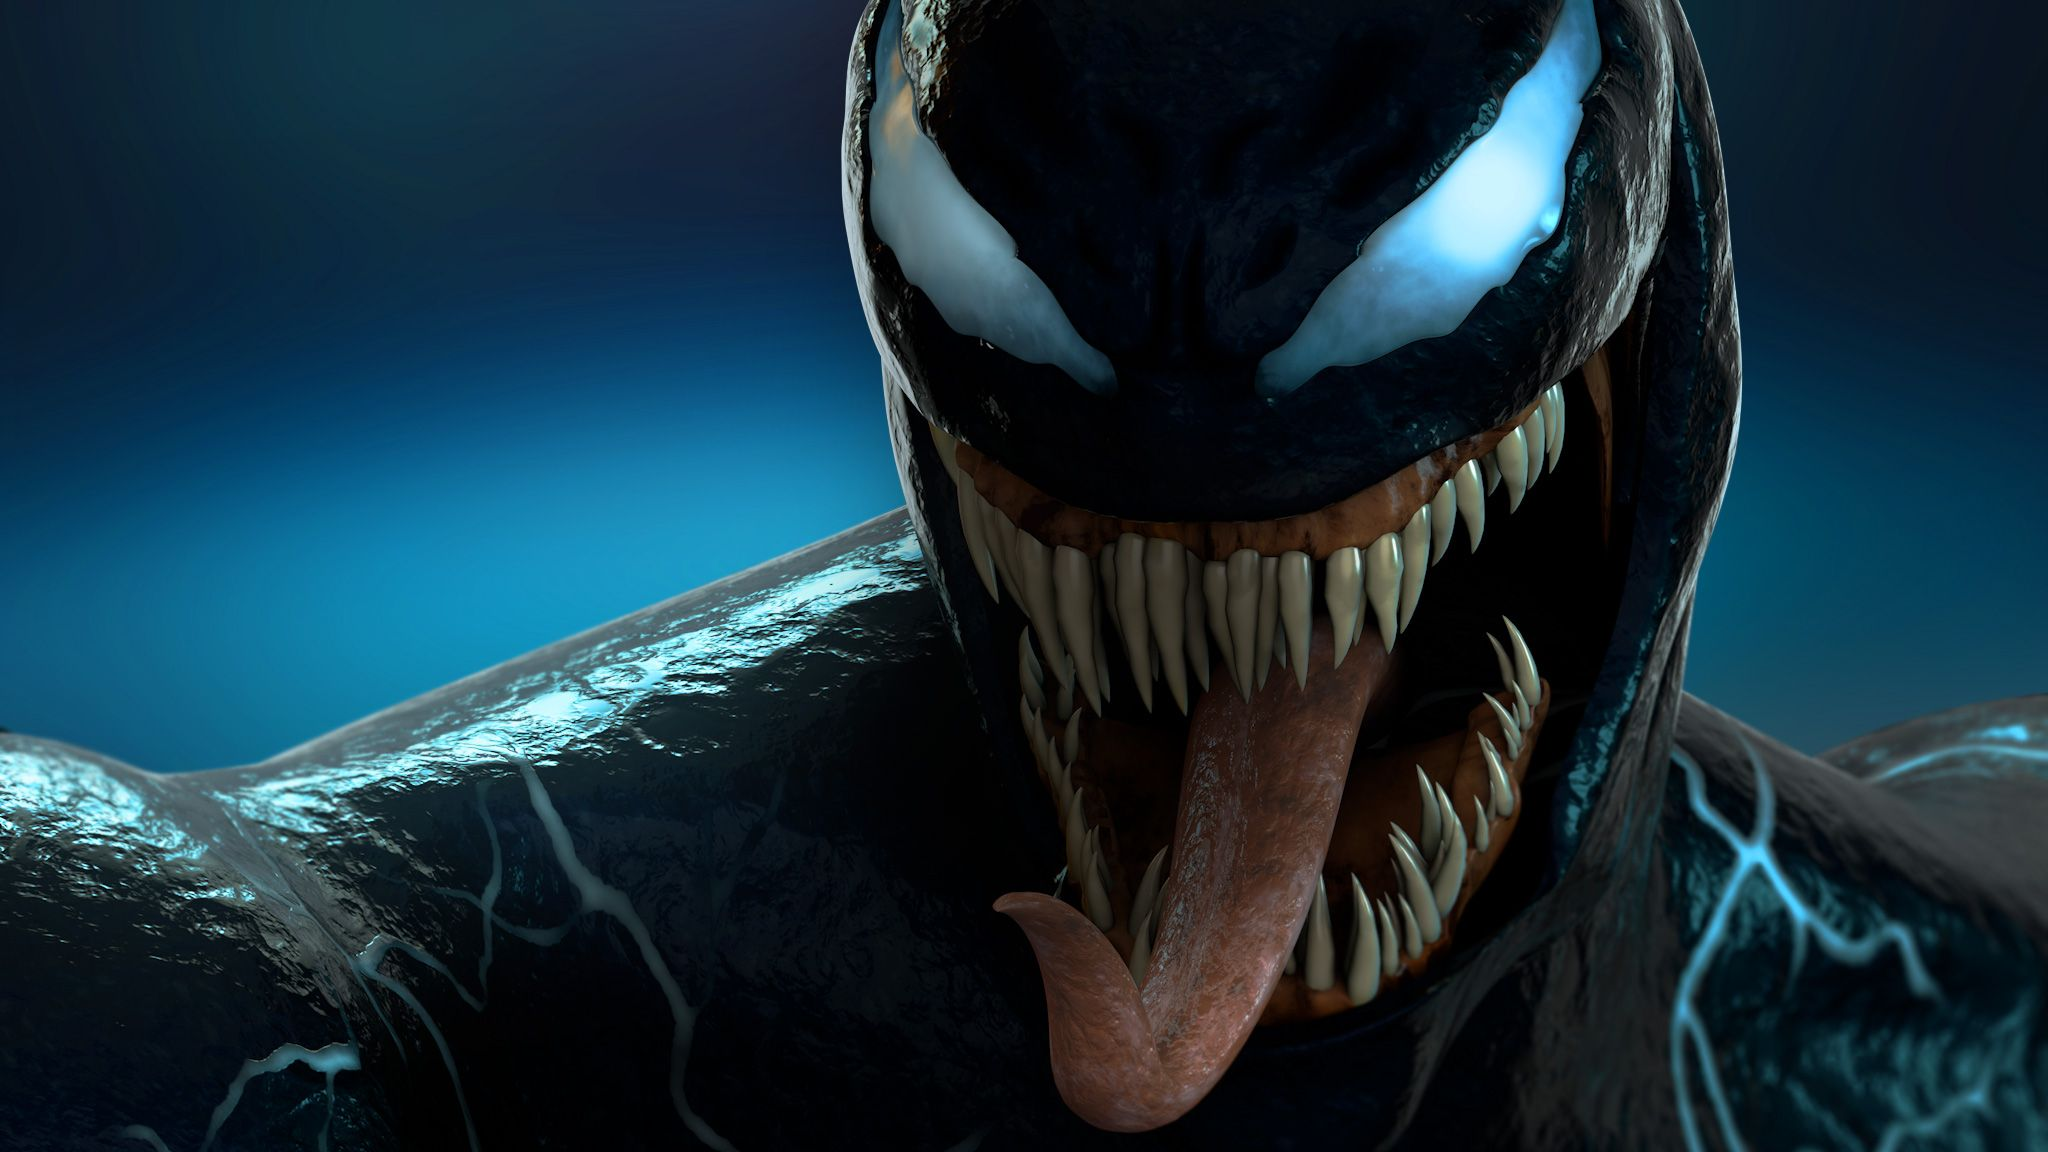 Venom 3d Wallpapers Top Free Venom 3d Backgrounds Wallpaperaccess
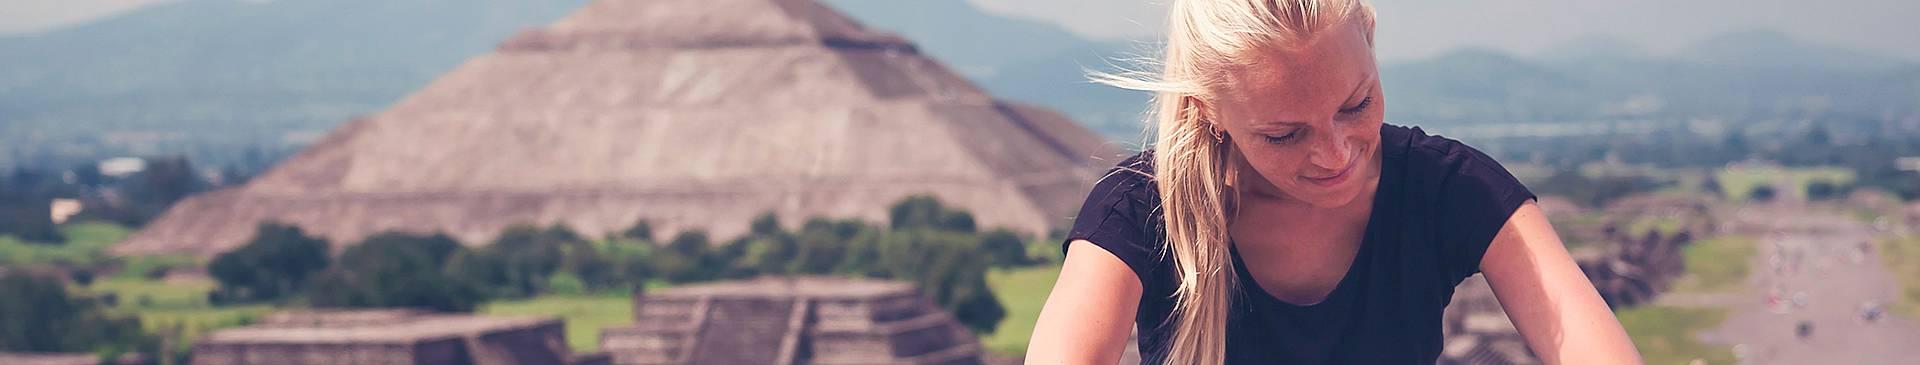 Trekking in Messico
= = =
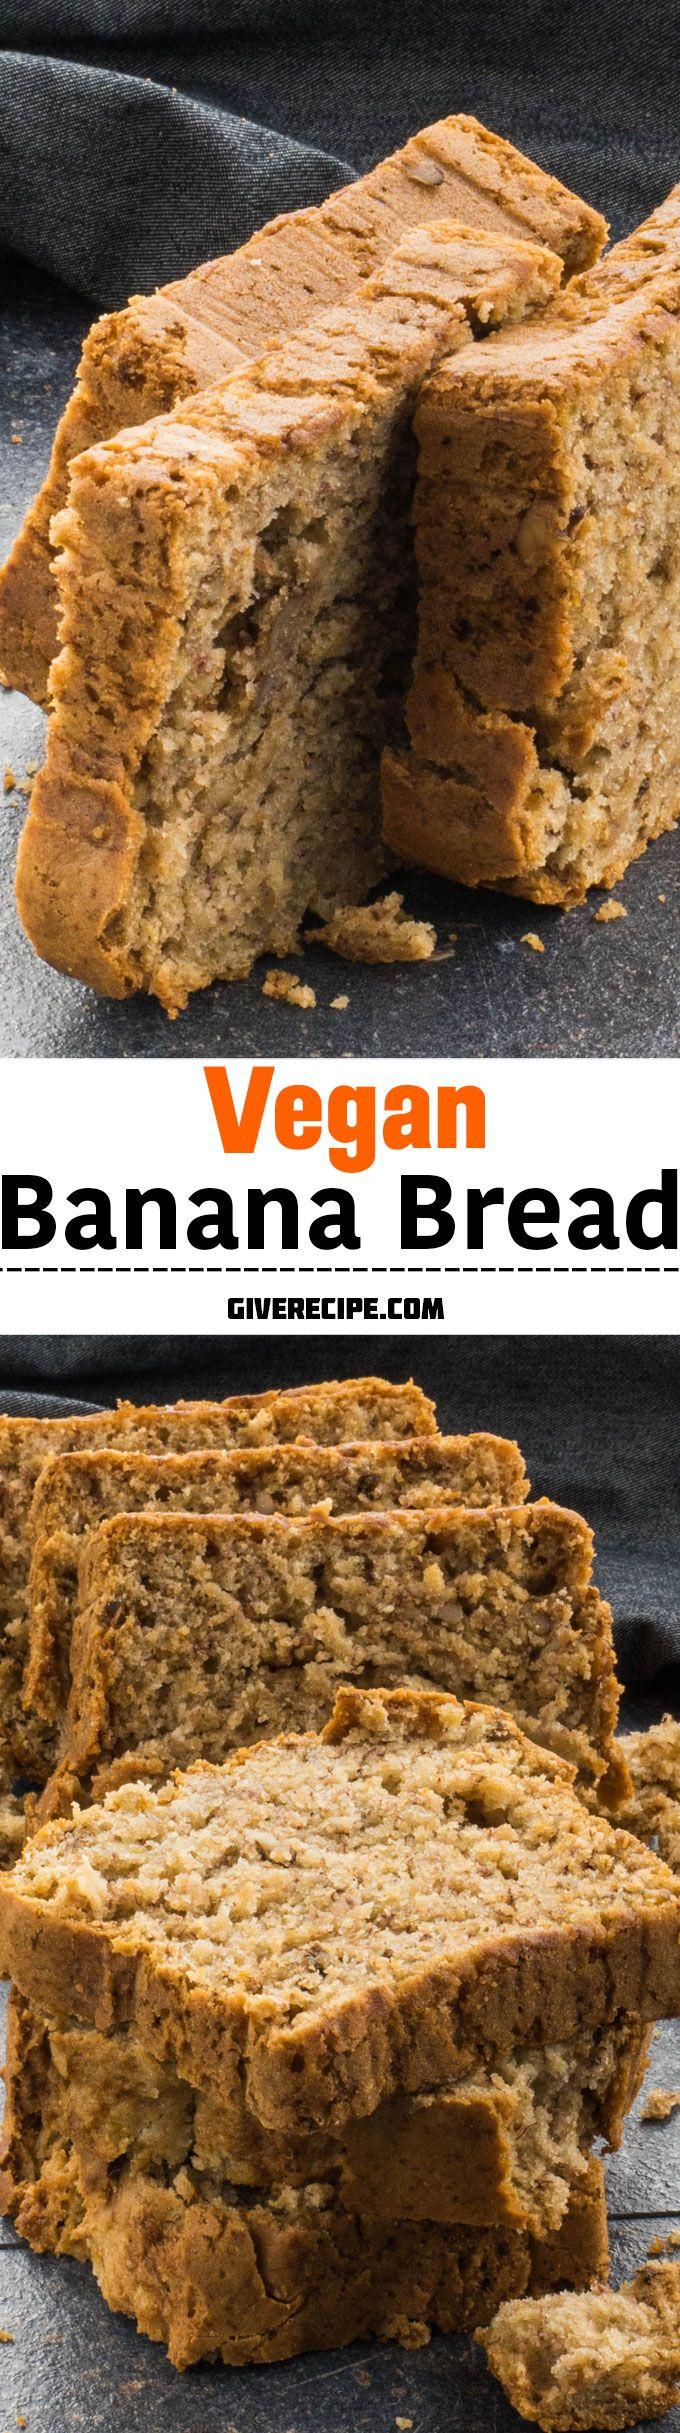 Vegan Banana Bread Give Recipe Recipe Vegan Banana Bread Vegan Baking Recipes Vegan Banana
= = =
● Aim of the exercise:
Leaving out all pictures, set down exactly the lines of the material above, from the line with "Venom 3d Wallpapers" to the line with "Trekking in Messico" inclusive, and no others.

● Task output:
 Venom 3d Wallpapers Top Free Venom 3d Backgrounds Wallpaperaccess
 Trekking in Messico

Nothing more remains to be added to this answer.